Task directions: A verbatim transcript of the data below is required, images omitted.

Supplied material:
——————————
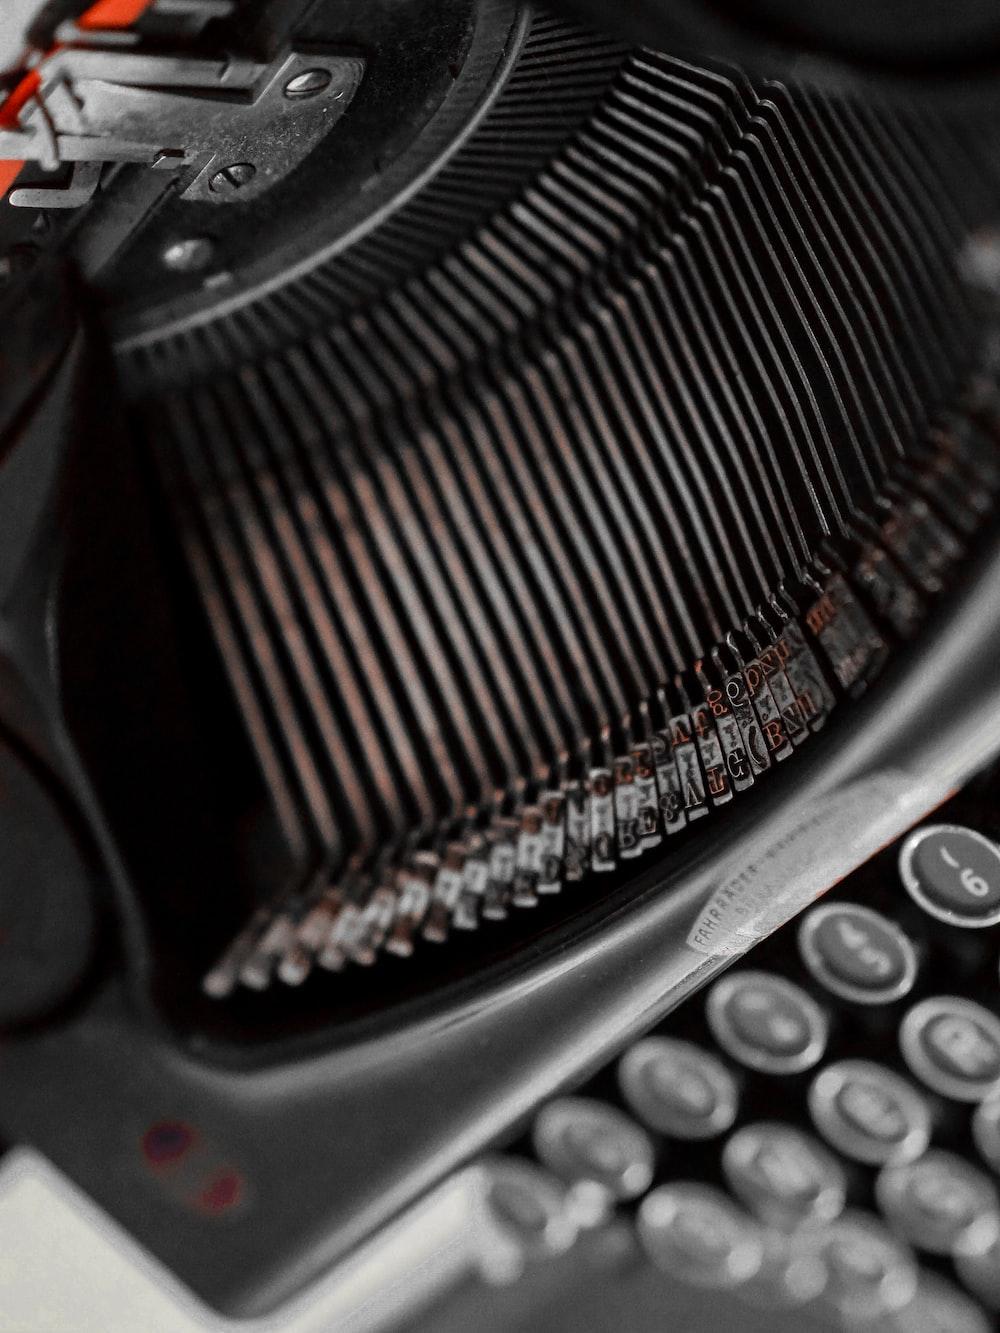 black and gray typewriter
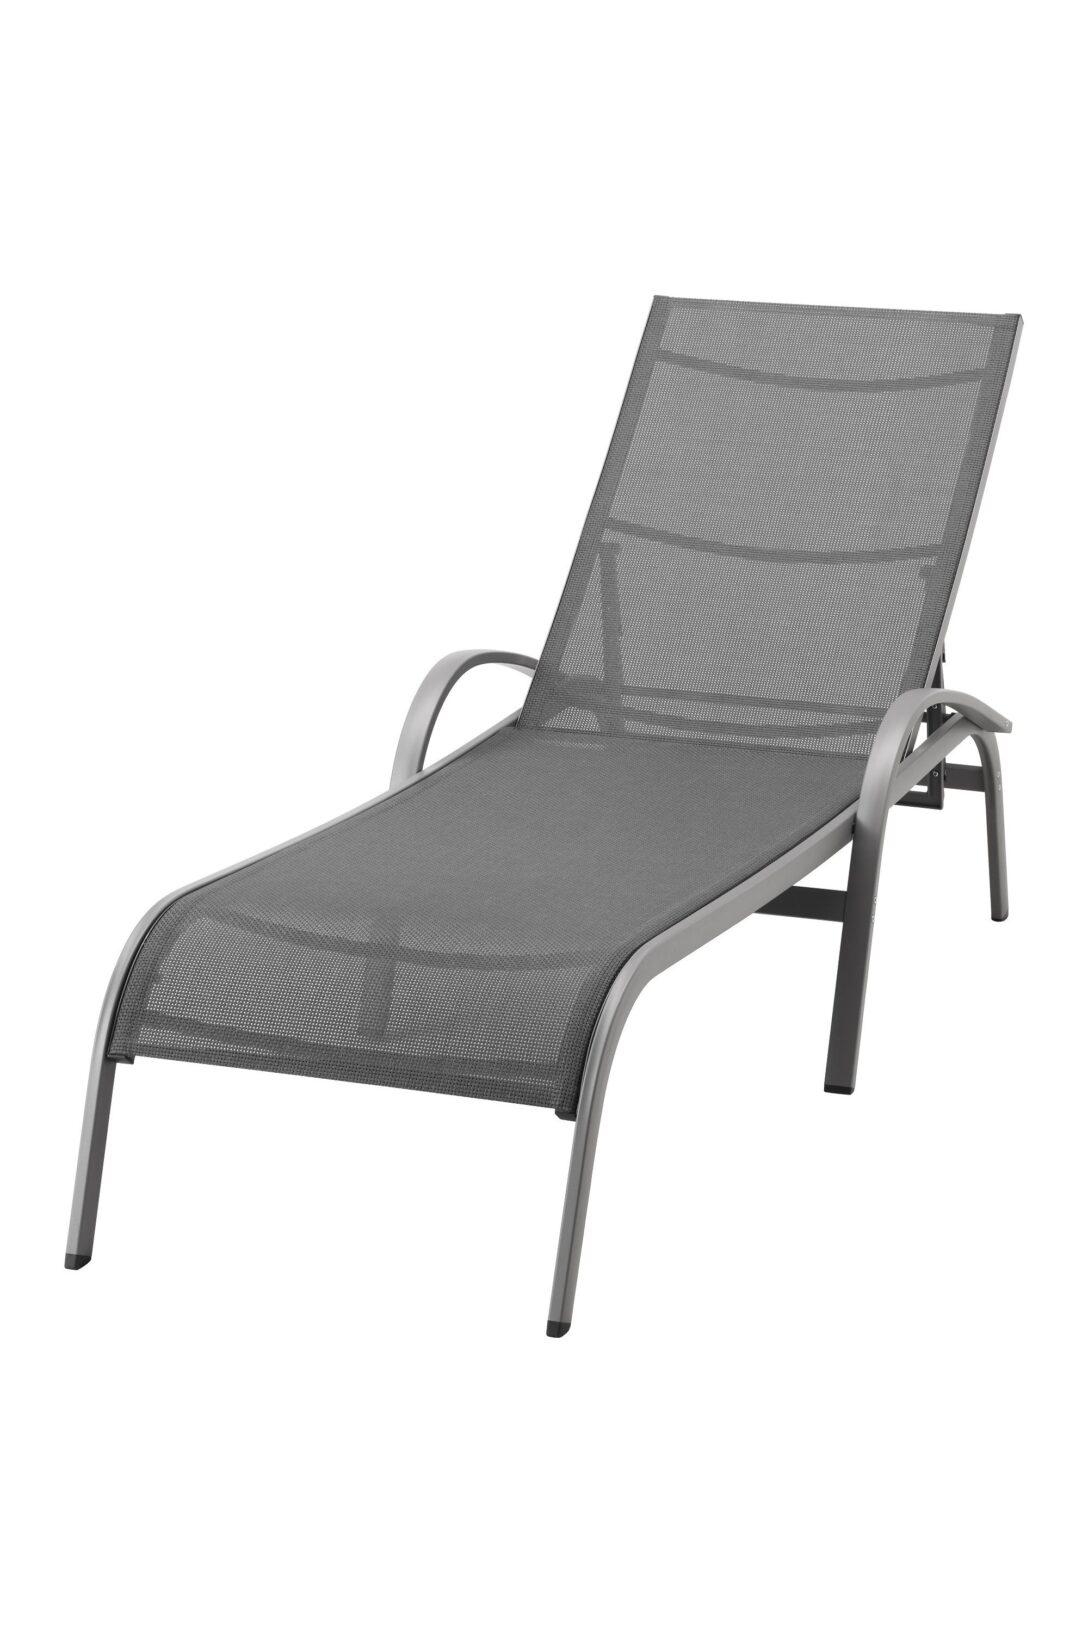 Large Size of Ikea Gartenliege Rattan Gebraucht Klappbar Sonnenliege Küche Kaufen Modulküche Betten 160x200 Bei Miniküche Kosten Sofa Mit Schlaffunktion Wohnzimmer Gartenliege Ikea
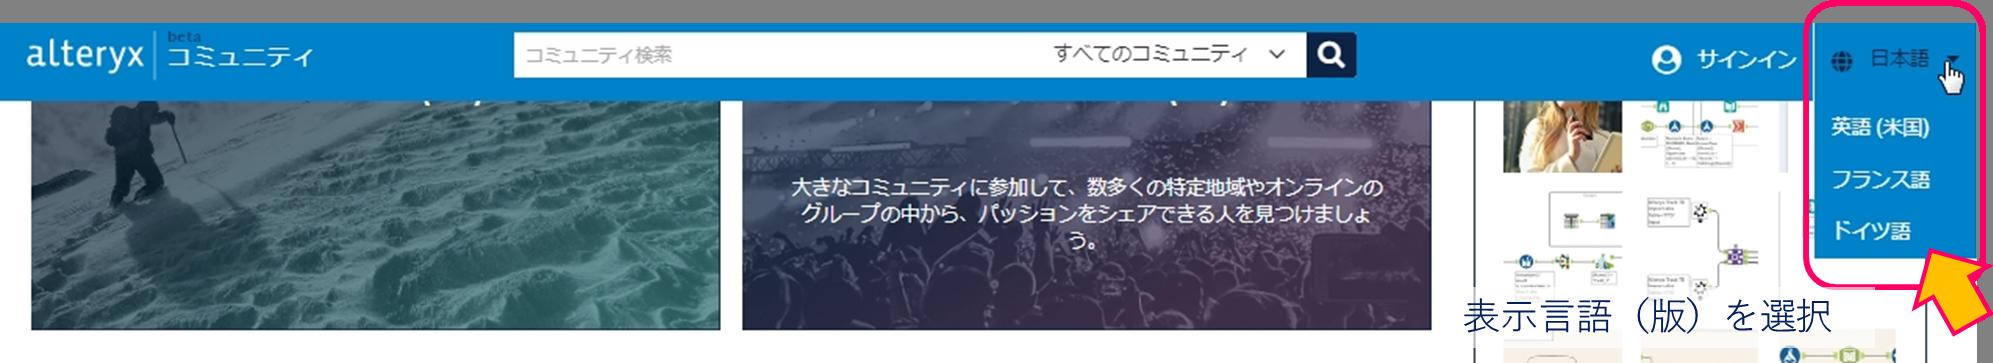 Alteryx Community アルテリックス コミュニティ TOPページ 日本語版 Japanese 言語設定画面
——————————
Solution to the exercise:
 black and gray typewriter
 Large Size of Ikea Gartenliege Rattan Gebraucht Klappbar Sonnenliege Küche Kaufen Modulküche Betten 160x200 Bei Miniküche Kosten Sofa Mit Schlaffunktion Wohnzimmer Gartenliege Ikea
 Alteryx Community アルテリックス コミュニティ TOPページ 日本語版 Japanese 言語設定画面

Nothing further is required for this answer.